Kathputli Surprises #3 – The People are Extremely Generous and Kind

Everywhere we visited in Kathputli we were literally overwhelmed by the friendliness and kindness of the people we met there.  We were invited in for tea.  Children followed us around simply so we could take their photo.  Many, many residents simply wanted to chat with us or practice their English.

In fact within an hour of us arriving on our first visit, we were spontaneously invited to join in a wedding celebration, the friendliness and beauty of which moved us both to tears!

This level of kindness and generosity surpasses so many of our societies in the ‘developed’ world and one of the things I ponder most about places like Kathputli is how much they remind me of my own childhood, growing up on a fishing trawler with a strong sense of community and purpose.  Our modern world has lost much of this yet Kathputli retains a stronger sense of community responsibility and support.

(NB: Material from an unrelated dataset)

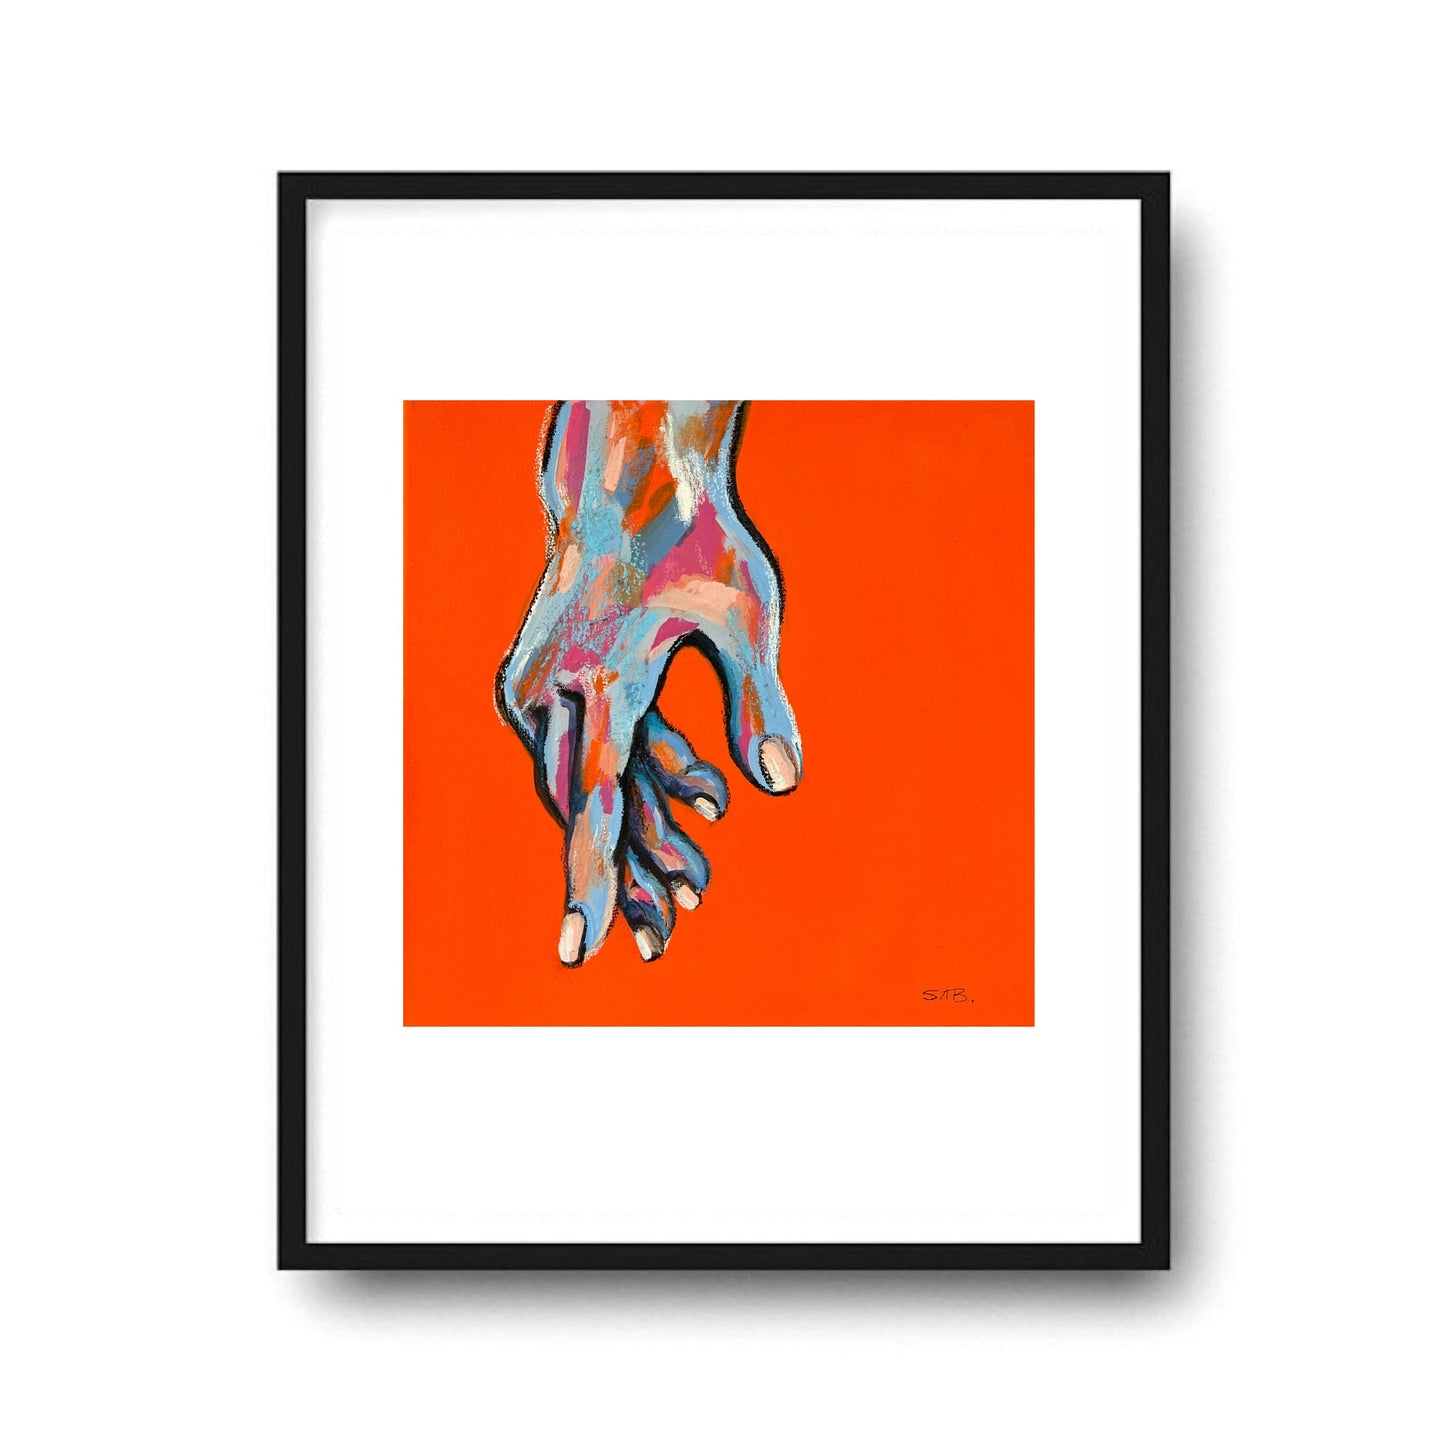 Abstract hand body painting wall decor original canvas 8x10 painting bright LGBTQ pride

Kathputli Surprises #4 – Everything That Can Possibly be Recycled Is

When I return home from places like India and Kathputli, I am often saddened at how much we waste.  All over the world, the issue of waste is unavoidable and Kathputli, in some ways, is no different.  They do, however, make use of things way more effectively than we do.  When I was a child we used to be quite resourceful with rubbish and try to waste as little as possible.  I had a childhood that instilled in me the need to use less and waste less but the more I travel, the more I am realising that my own upbringing was unusual.  The incredible amount of single use plastics in our environment is the by-product of our society which has become used to plastic packaging, throw-away cups, bags, utensils and wrappers.  As a child, if our nets on the boat were ever caught up in a snag, we would try to retrieve them and mend them.  I spent many hours watching my dad show my brother how to mend nets.  In contrast, many modern fishermen use nets that are so cheap, if they get caught, they are simply cut free to drift the ocean, indiscriminately killing a lot of marine wildlife.

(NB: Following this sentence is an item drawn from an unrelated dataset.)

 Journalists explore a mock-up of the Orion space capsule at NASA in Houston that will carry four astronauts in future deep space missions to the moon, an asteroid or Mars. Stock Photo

Kathputli has waste but it only consists of stuff that can’t be used.  Secondhand timber is used to fashion ladders and steps, pieces of corrugated iron are used for building houses, bricks are used for the same, clothes are handed down, tins are used for growing plants and storing food items, the same bottle is used for fetching water every day.

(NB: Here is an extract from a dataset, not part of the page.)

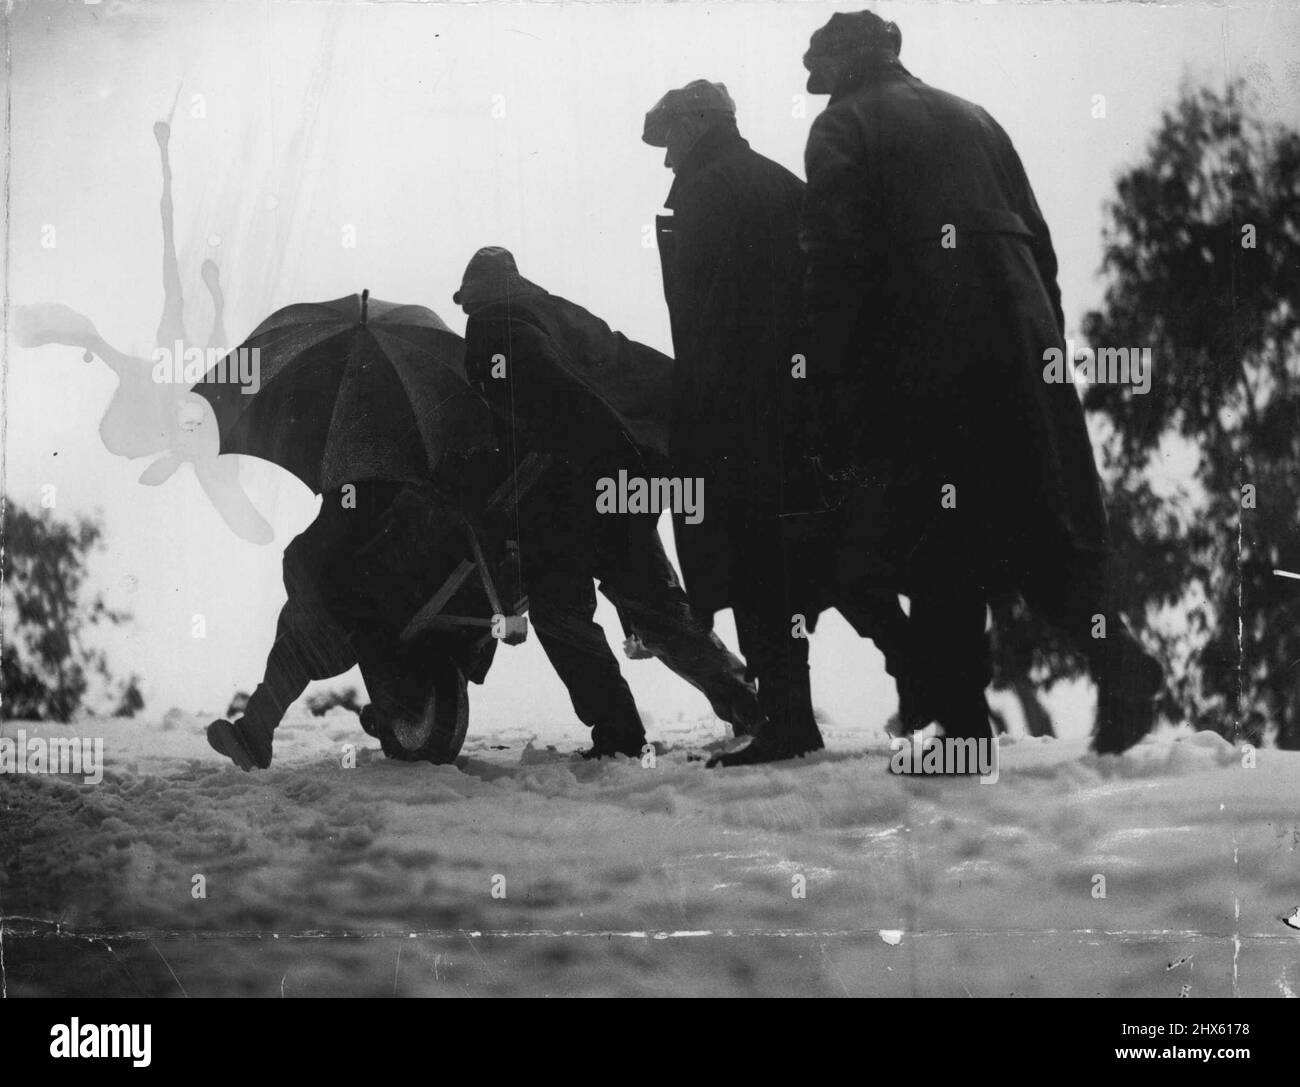 Barrow Gang Plods Through Buffalo Snow - Trudging upward on the heights of Mount Buffalo, the barrowmen, with their trainers following in single file, are shown making slow progress through the heavy snow which has another handicap to the pusher's task. July 1, 1935.;Barrow Gang Plods Through Buffalo Snow - Trudging upward on the heights of Mount Buffalo, the barrowmen, with their trainers following in single file, are shown making slow progress through the heavy snow which has another handicap Stock Photo

Although some would look at Kathputli and see it as dysfunctional, when it comes to waste I feel they do this much better than we do.

Kathputli Surprises #5 – It Supports An Entire Industry

While many of Kathputli’s residents live in poverty, the community itself supports almost an entire industry of performers that are often hired out to work in events all across Delhi.

Kathputli’s resident artists have been entertaining weddings, openings, parties and all manner of social events since the colony was established over sixty years ago.  We were lucky enough to watch many of these performers during our two visits and they are extremely talented.  I was really left wondering what may become of some of them if, somehow, Kathputli was ever destroyed.

Why Kathputli Should Be Preserved

Kathputli lies approximately 30 minutes drive from one of Delhi’s wealthiest areas, the city’s prestigious Diplomatic Enclave.   The land it sits on is owned by a government body, the Delhi Development Agency, which has earmarked it for demolition.  Currently new accommodation is being created for the residents in Kathputli to voluntarily move to yet few have done so.  Although the destruction of this incredible place has been curtailed for now, I fear that it will only be a few years before that act becomes a reality.

The destruction of a slum like Kathputli perplexes me.  Why would anyone want to destroy an integral part of the social fabric of a large city, especially one that is so charismatic, cohesive and inoffensive?  I understand the incentive of big developers wanting to make lots of money, at any cost but why Kathputli?  In the middle of the night, if I can’t sleep, I often think of communities like Kathputli and what its residents may do if they are forced to move.

My hope is that Kathputli will continue to exist either in its current form or in some altered way that will allow the resident families there to build upon their existing relationships and continue to foster their community’s strengths.